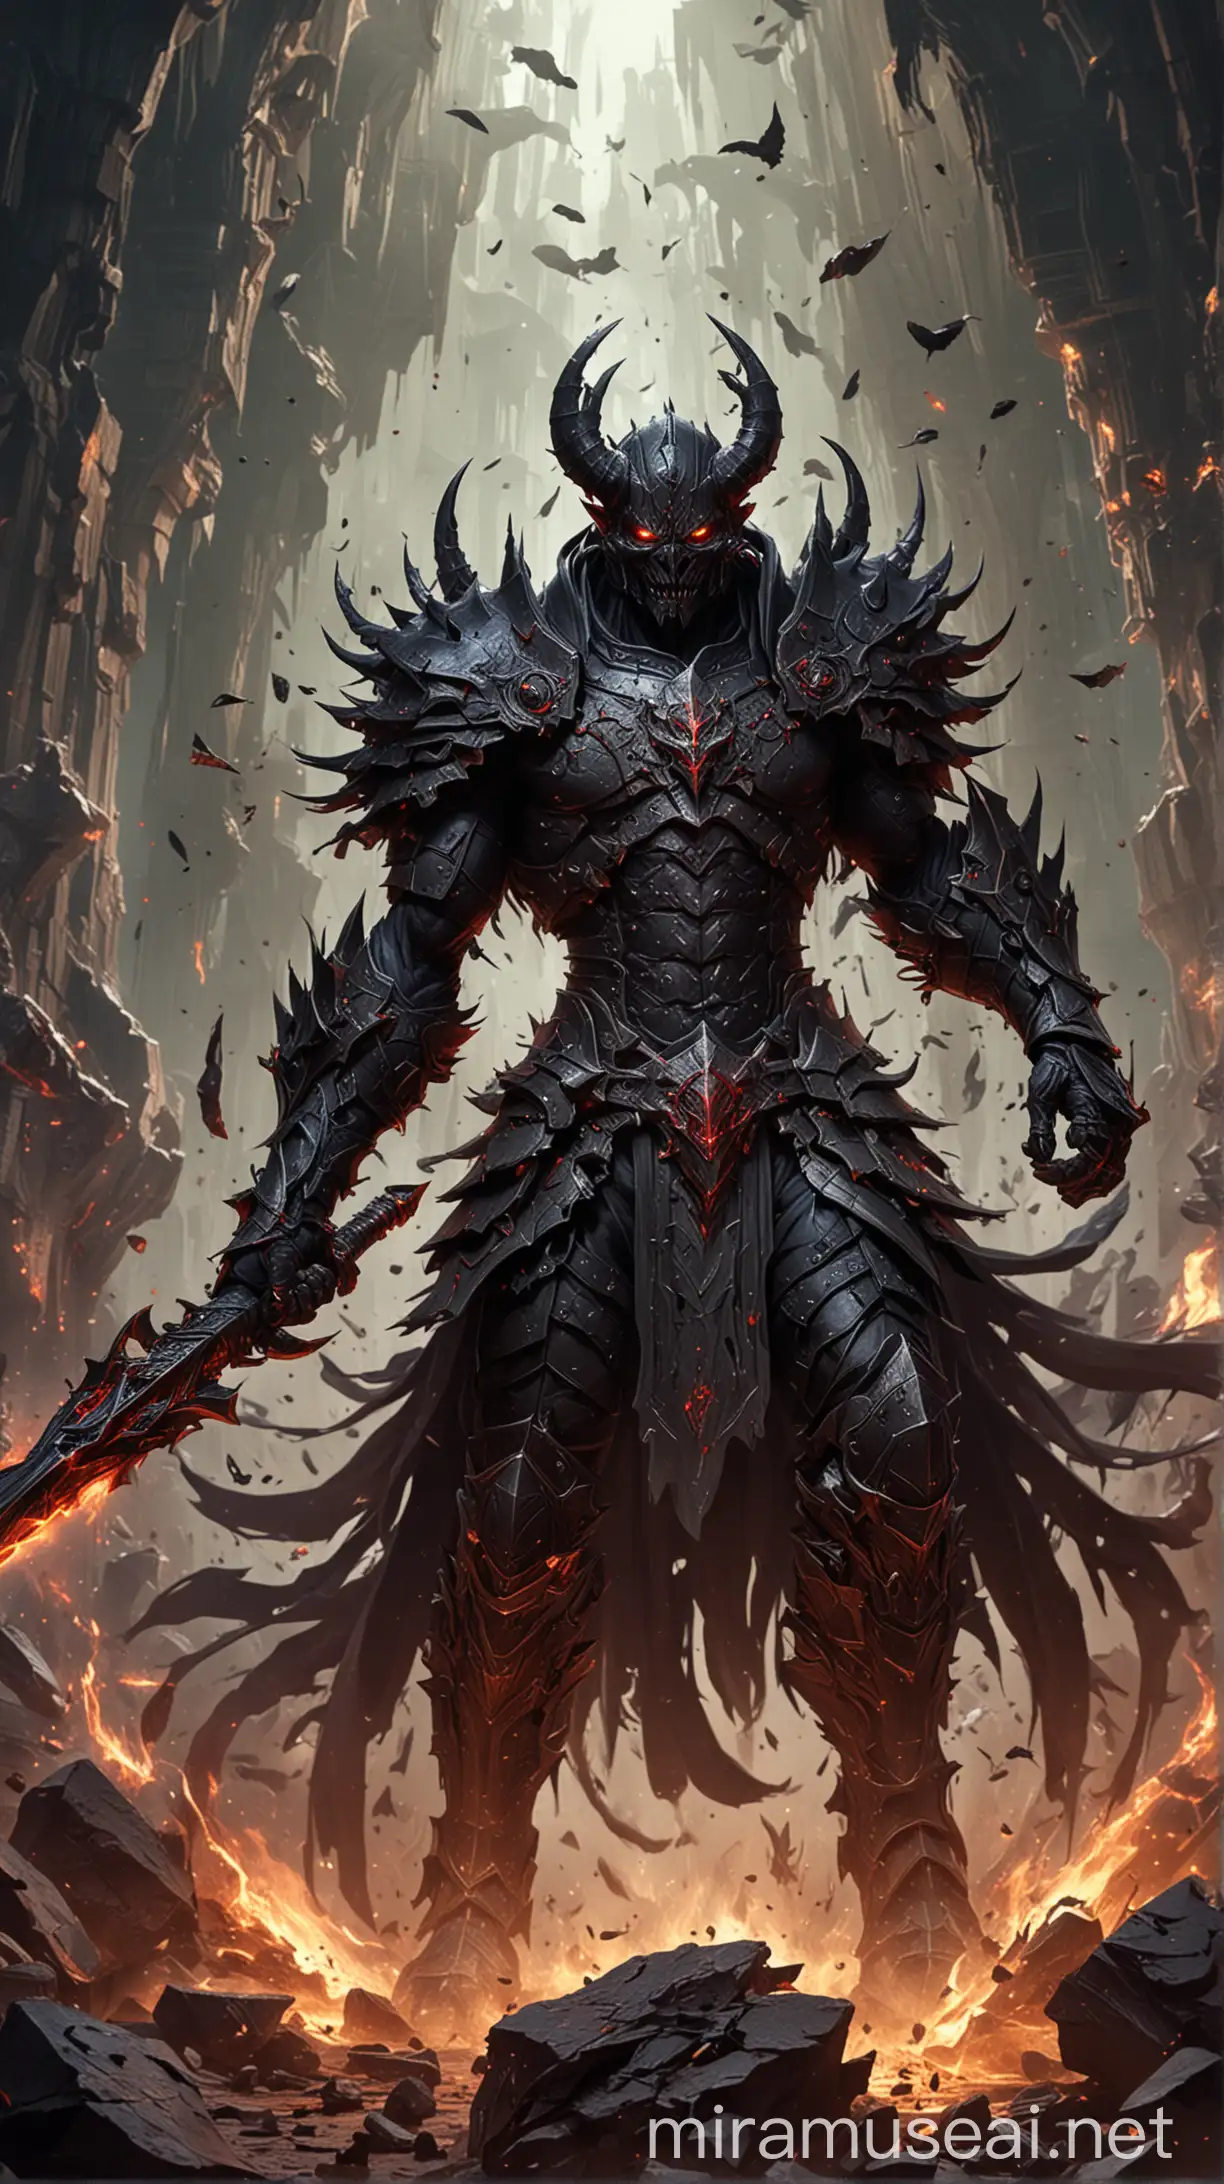 Daemon Prince:
Background: A swirling vortex of warp energy with jagged obsidian platforms and daemonic glyphs floating in the air.
Subject: A towering Daemon Prince, mutated and adorned with daemonic armor, wielding a massive weapon and radiating raw chaotic power.
Style: Dark and grotesque, showcasing the daemonic corruption and immense power of the Prince.
Text:
Title: Daemon Prince
Ability Text: Daemonic Aura: Inspire fear in enemy units and enhance daemonic minions' combat abilities in a duel, spreading terror and chaos. (Stat) Enemy Morale -1 (High Roll), Daemonic Units Attack +2 (High Roll)

Problem statement
For the entries above, transcribe precisely the lines from the one with "Background: A swirling" through the end, including both.

Answer to this exercise
Background: A swirling vortex of warp energy with jagged obsidian platforms and daemonic glyphs floating in the air.
Subject: A towering Daemon Prince, mutated and adorned with daemonic armor, wielding a massive weapon and radiating raw chaotic power.
Style: Dark and grotesque, showcasing the daemonic corruption and immense power of the Prince.
Text:
Title: Daemon Prince
Ability Text: Daemonic Aura: Inspire fear in enemy units and enhance daemonic minions' combat abilities in a duel, spreading terror and chaos. (Stat) Enemy Morale -1 (High Roll), Daemonic Units Attack +2 (High Roll)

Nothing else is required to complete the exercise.